Israel has launched attacks on positions in Syria and Lebanon, as part of its ongoing campaign against opposing militaries and armed forces in the Middle East.
“The [Israeli army] struck military infrastructure belonging to the Syrian Army,” the Israeli military said in a post on the social media platform X on Tuesday.
“[Israeli military] fighter jets also struck Hezbollah terrorist infrastructure in Lebanon,” it added, promising it would “continue to operate against any threat to Israel’s sovereignty”.
Israel’s military has been engaged in cross-border fighting with Hezbollah and has launched repeated air raids on Syria since its war on Gaza began on October 7, raising fears of the conflict spilling over into the wider region.
In response to yesterday's launches toward Israeli territory, the IDF struck military infrastructure belonging to the Syrian Army.
IDF fighter jets also struck Hezbollah terrorist infrastructure in Lebanon.
The IDF will continue to operate against any threat to Israel's… pic.twitter.com/xSty1eyMkb
— Israel Defense Forces (@IDF) January 2, 2024
The latest attacks, which occurred between Monday and Tuesday, marked a spike in tensions between Israel and neighbours it has said have links to its enemy, Iran.
Earlier on Tuesday, Syrian state news agency SANA said pre-dawn Israeli attacks came from the direction of the Golan Heights.
The air raids targeted “a number of sites in the Damascus countryside”, SANA reported, citing an unnamed military source as saying only “material damage” had been caused.
Britain-based war monitor the Syrian Observatory for Human Rights said that one position targeted near the town of Kanaker housed members from Lebanon’s Hezbollah, the AFP news agency reported.
Parts of the southern Lebanese city of Yaroun also came under fire, the Israeli military said on Tuesday, after Hezbollah announced it had fired on Israeli units near the northern Israeli village of Sarit.
“What Israel is facing at the moment is fighters in various countries in the region that are mostly backed by Iran,” said Al Jazeera’s Sara Khairat, reporting from Tel Aviv on Tuesday.
Syria and Iran are regional allies, with President Bashar al-Assad having received staunch support from Tehran during the war in Syria. Since its formation in 1982, Iran-backed Hezbollah has grown into a powerful “state within a state” in Lebanon, and has also backed Hamas in Gaza.

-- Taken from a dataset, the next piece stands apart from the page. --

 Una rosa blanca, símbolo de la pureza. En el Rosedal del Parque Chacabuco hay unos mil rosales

“Of course the biggest threat so far has been from the Iranian-backed group Hezbollah in Lebanon that has been firing every single day,” Khairat said. “This is just showing that despite [Israel’s] continued war in Gaza, these attacks are going to continue.

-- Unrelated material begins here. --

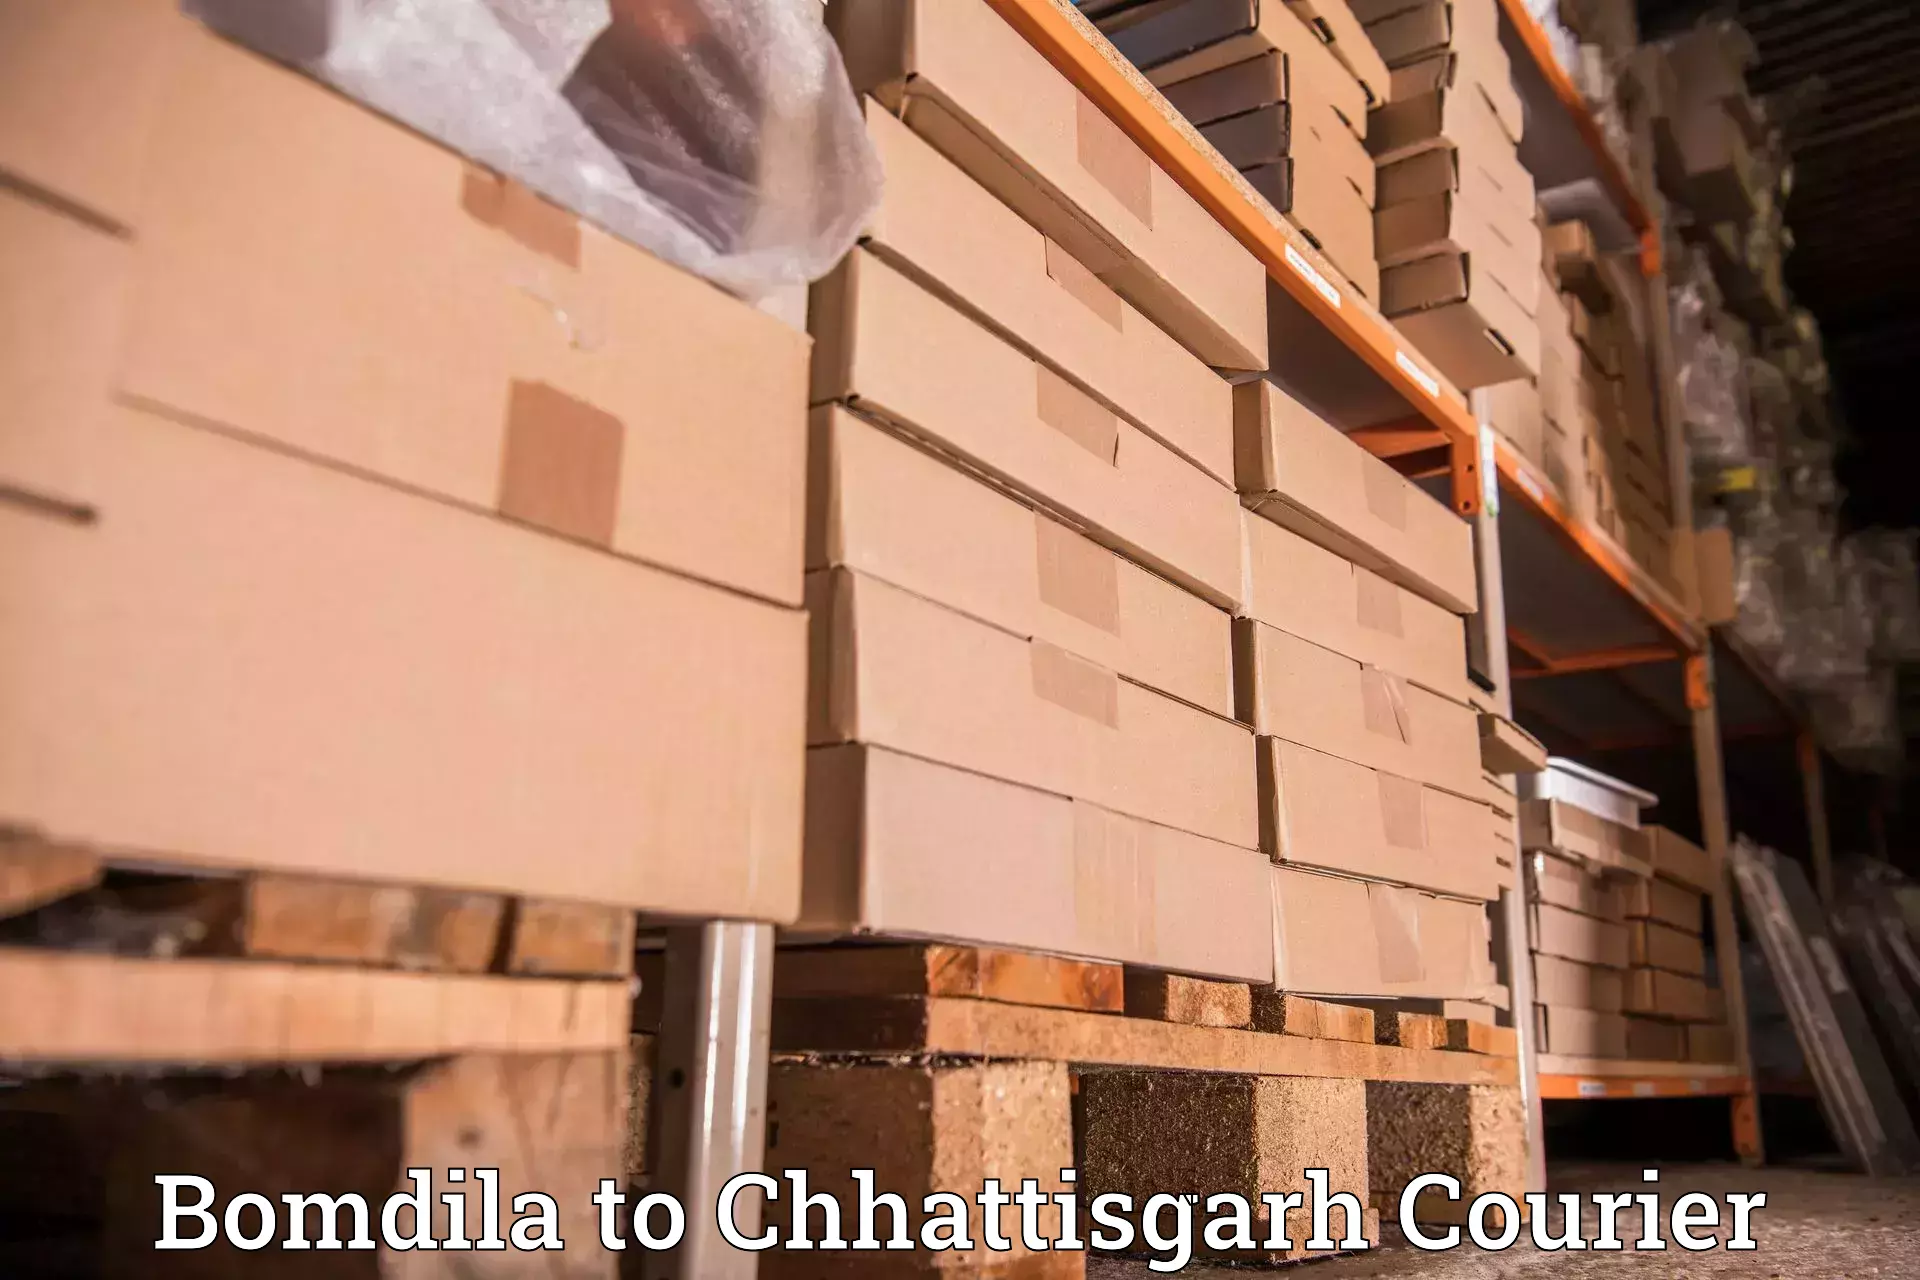 Customizable shipping options Bomdila to Chhattisgarh

“Certainly there has been a call amongst those in the [Israeli] military to start to look to redirect their efforts especially along that northern border, with Israel itself saying that if diplomatic efforts don’t work then it wouldn’t be afraid to consider other military action against Lebanon,” our correspondent added.
Tuesday’s attacks follow closely on the heels of an Israeli air raid near Aleppo at the end of December, which caused some material damage, according to the Syrian Ministry of Defence.
Since the Syrian war began, Israel has launched hundreds of air raids on Syrian territory, both on Syrian military and Hezbollah targets. Israel has repeatedly said it will not allow Iran to expand its presence in Syria.
In December, an Israeli air raid outside Damascus killed Razi Moussavi, a senior adviser in Iran’s Revolutionary Guard Corps (IRGC) responsible for coordinating the military alliance between Syria and Iran.
Reports from Iran’s news agency INRA said that Mousavi had been part of an entourage accompanying IRGC General Qassem Soleimani at Baghdad airport when he was killed by a US drone attack almost exactly four years ago.